The earliest settlers understood the concept of communal safety and environmental protection and provided for both on a local, community basis. The affected individuals voluntarily imposed a tax on themselves to hire a sheriff, construct a cemetery, erect a courthouse, build a sewage treatment plant, install water lines, lay trolley tracks, build highways, and sanitary landfills The recent escalation of the magnitude, and the transfer of authority for its imposition to Washington, has overwhelmed the most important principle that validated the concept -- the principle of voluntary imposition of taxes by those who must pay the taxes. If a local community wishes to build a sewage treatment plant and offers its citizens a bond issue to pay for the project, the community can decide whether it wants to increase its taxes sufficiently to pay the cost the provider demands.. The negotiation is between the provider and the consumer and they both are free to accept or reject the deal.

The idea of "external" environmental costs, arbitrarily arrived at by a collaborative process between environmentalists and the government, or the idea of taxes arbitrarily applied to products environmentalists believe consumers should not consume, is an outrageous eradication of the fundamental principle of free choice in a free market. The only artificial costs acceptable in a free market system must be costs that are voluntarily incurred by the parties who are directly affected.

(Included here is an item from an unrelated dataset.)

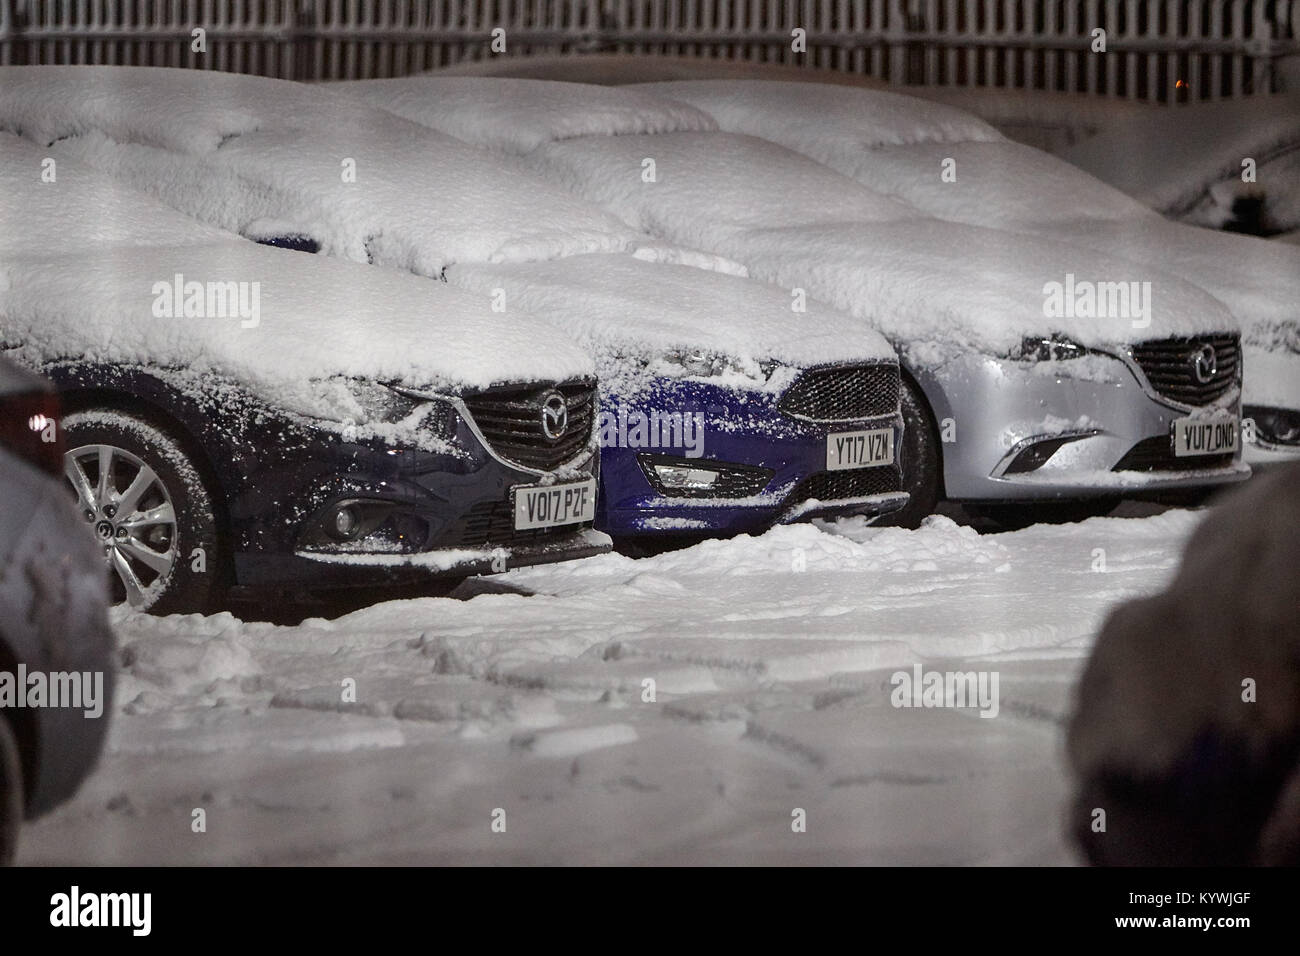 En Newtownabbey, Norte de Irlanda. 16 Jan, 2018. Los coches en un garaje antepatio nevó en ámbar de advertencia climáticas como fuertes nevadas comienza a cubrir Newtownabbey fuera de Belfast, Irlanda del Norte, 16 de enero de 2018. Crédito: Radharc Images/Alamy Live News Foto de stock

Is the free market system obsolete? Apparently the government, and the environmentalists that drive environmental policy think so. But that doesn't make it so. Actually, the free market system is the only economic system that can protect the environment and sustain the economy to provide for future generations.

The free market system cannot fail to protect the environment because it is the environment that is the source of economic activity -- and sustenance. The problem is that free markets do not protect the environment the way environmentalists think the environment should be protected. Who appointed them God? Free markets cannot fail to protect the environment the way nature dictates that the environment should be protected. If too many trees are harvested, the price of wood products will force more investment in forests. If fossil fuels become scarce, the increased price will fund research to produce new technology. If inner-cities decay and crumble, real estate opportunities will draw investment in opportunities for profit. Cities have been remaking themselves for 200 years -- without the help or guidelines from a President's Council on Sustainable Development.

Free markets, and only free markets, can respond to the dynamic needs of the planet naturally. Choice is the essential ingredient of a free market. If choice is removed, the market is not free.

The pattern of land use that results from free market activity will not be massive biosphere reserves, regulated by a handful of enlightened elite biocentrists. Nor will the human species be herded into sustainable communities to be "managed" by their urban counterparts. Land -- and natural resources -- will be used creatively to produce the pattern of prosperity allowed by nature. If human activity becomes too aggressive, nature -- not a bunch of self-appointed eco-saviors -- will take care of itself.